Avoid Sensitive Information Disclosure
The second best practice would be to avoid sensitive information disclosure in your application that can benefit an adversary. Some of the best practices in this regards would be:
- Never hard-code sensitive information such as database or FTP connection credentials, cryptographic secrets, service secrets, API secrets etc in the source code. Instead use a centralized key management service for e.g. Amazon KMS to manage secrets.
- Ensure the application is not logging any type of sensitive information in the application logs such as personally identifiable information, authentication tokens, passwords, credit card data, bank account information etc
- Remove debug statements or “turn off” debugging from the production code.
- Use a centralized error handling mechanism to handle unexpected error conditions. This will ensure that users are always redirected to a common error page without revealing too much information about the application’s underlying environment or technology stack.
Use Secure Cryptographic Algorithms
The third piece of advice for developers would be to use secure cryptographic algorithms for the application’s encryption or hashing needs. Some of the best practices to consider here would be:
- Use secure hash functions such as bcrypt, PBKDF2 etc for generating password hashes. Always take into account OWASP password storage cheat sheet while dealing with passwords.

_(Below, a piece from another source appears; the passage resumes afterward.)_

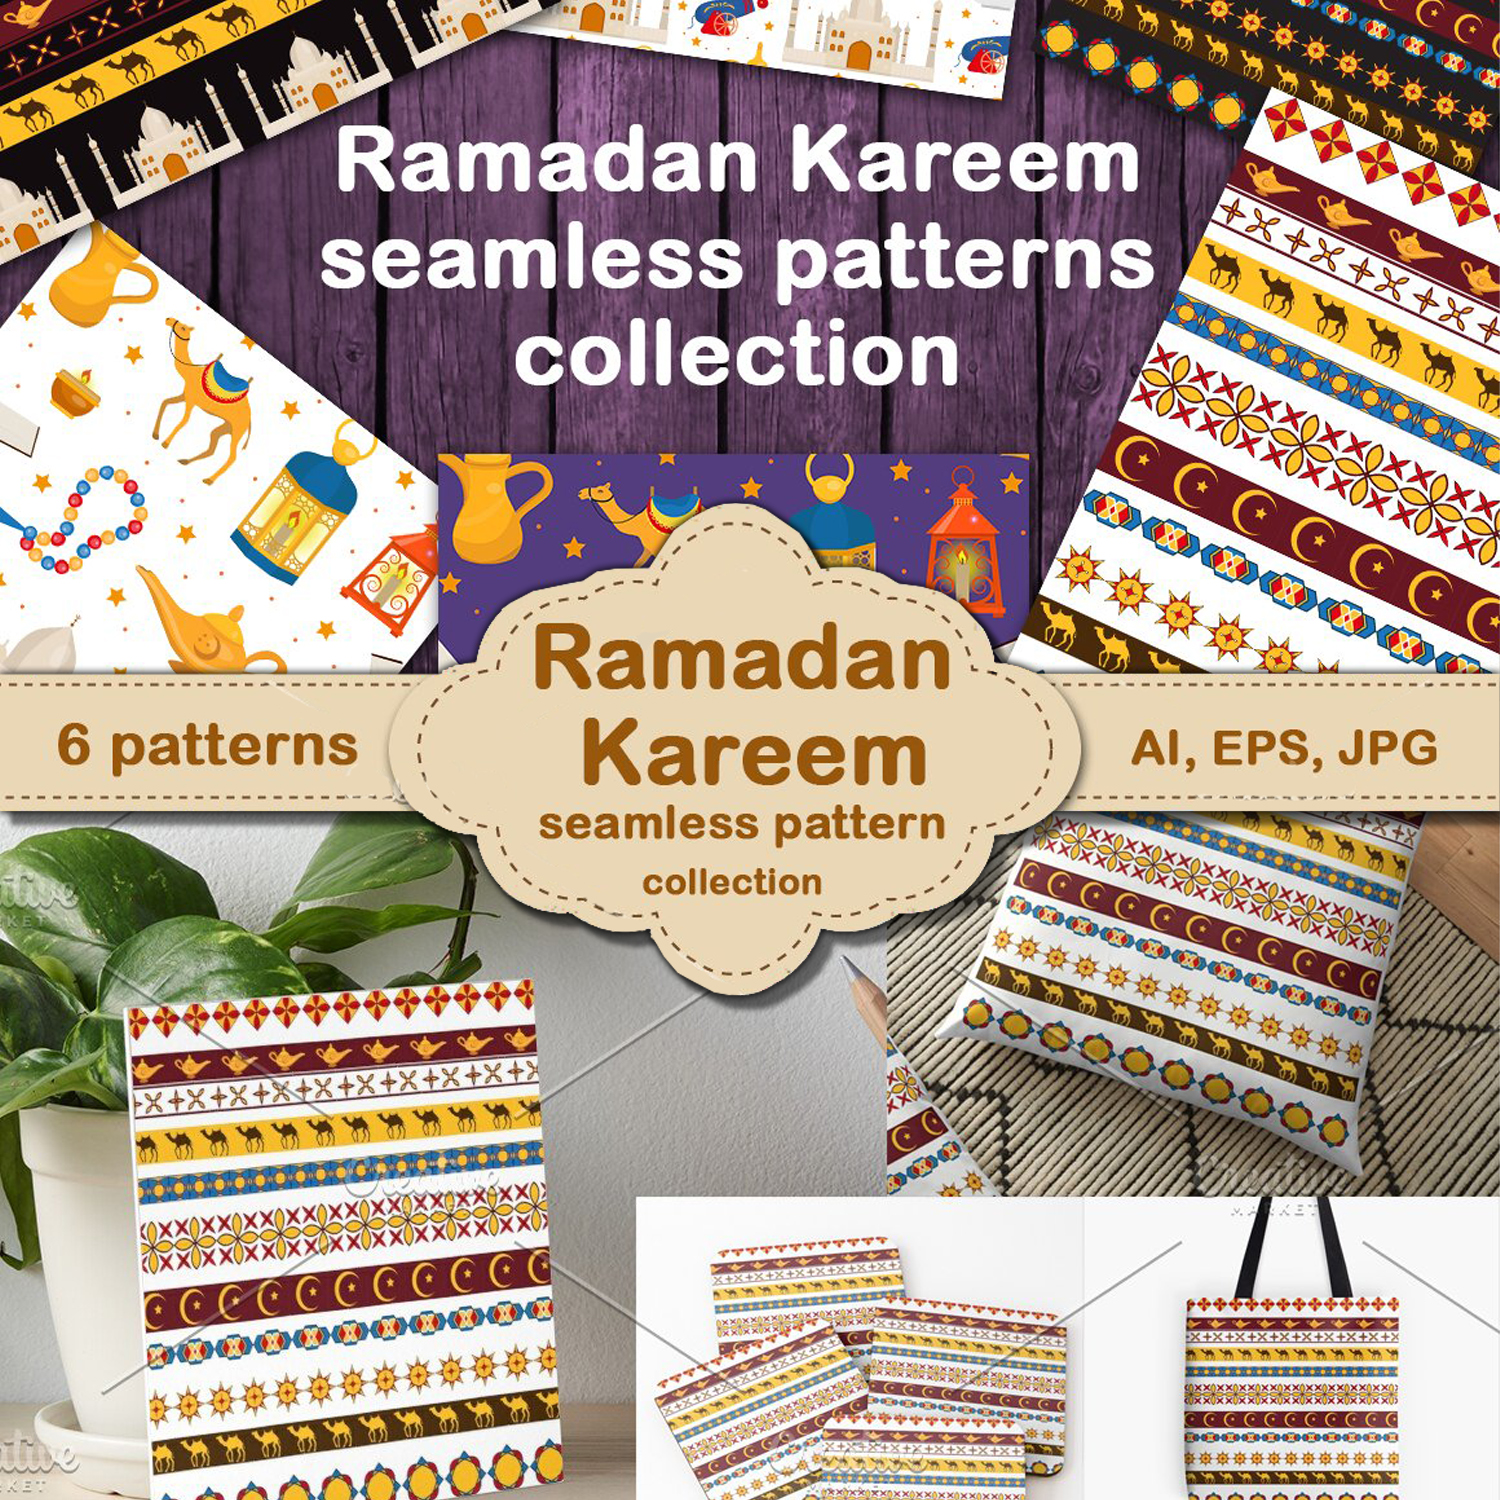 Prints of ramadan kareem pattern collection.

- Choose secure symmetric key algorithm for e.g. Advanced Encryption Standard (AES) for encrypting data. When using AES, It is also recommended to use higher key size such as 256.
- Select a secure cipher mode of operation such as CBC, CTR, GCM or CCM
- Never hard-code Initialization Vector or Salt values in source code.
- Take into consideration OWASP Cryptographic Storage Cheat Sheet while designing cryptographic controls.
Use Secure Protocols to Communicate
This best practice is pretty straight forward. Use secure communication protocols such as HTTPS, FTPS when communicating with external web services, APIs or file servers. Essentially all the protocols internally use Transport Layer Security to secure the communication. So use OWASP TLS Protection Cheat Sheet to securely configure the protocol.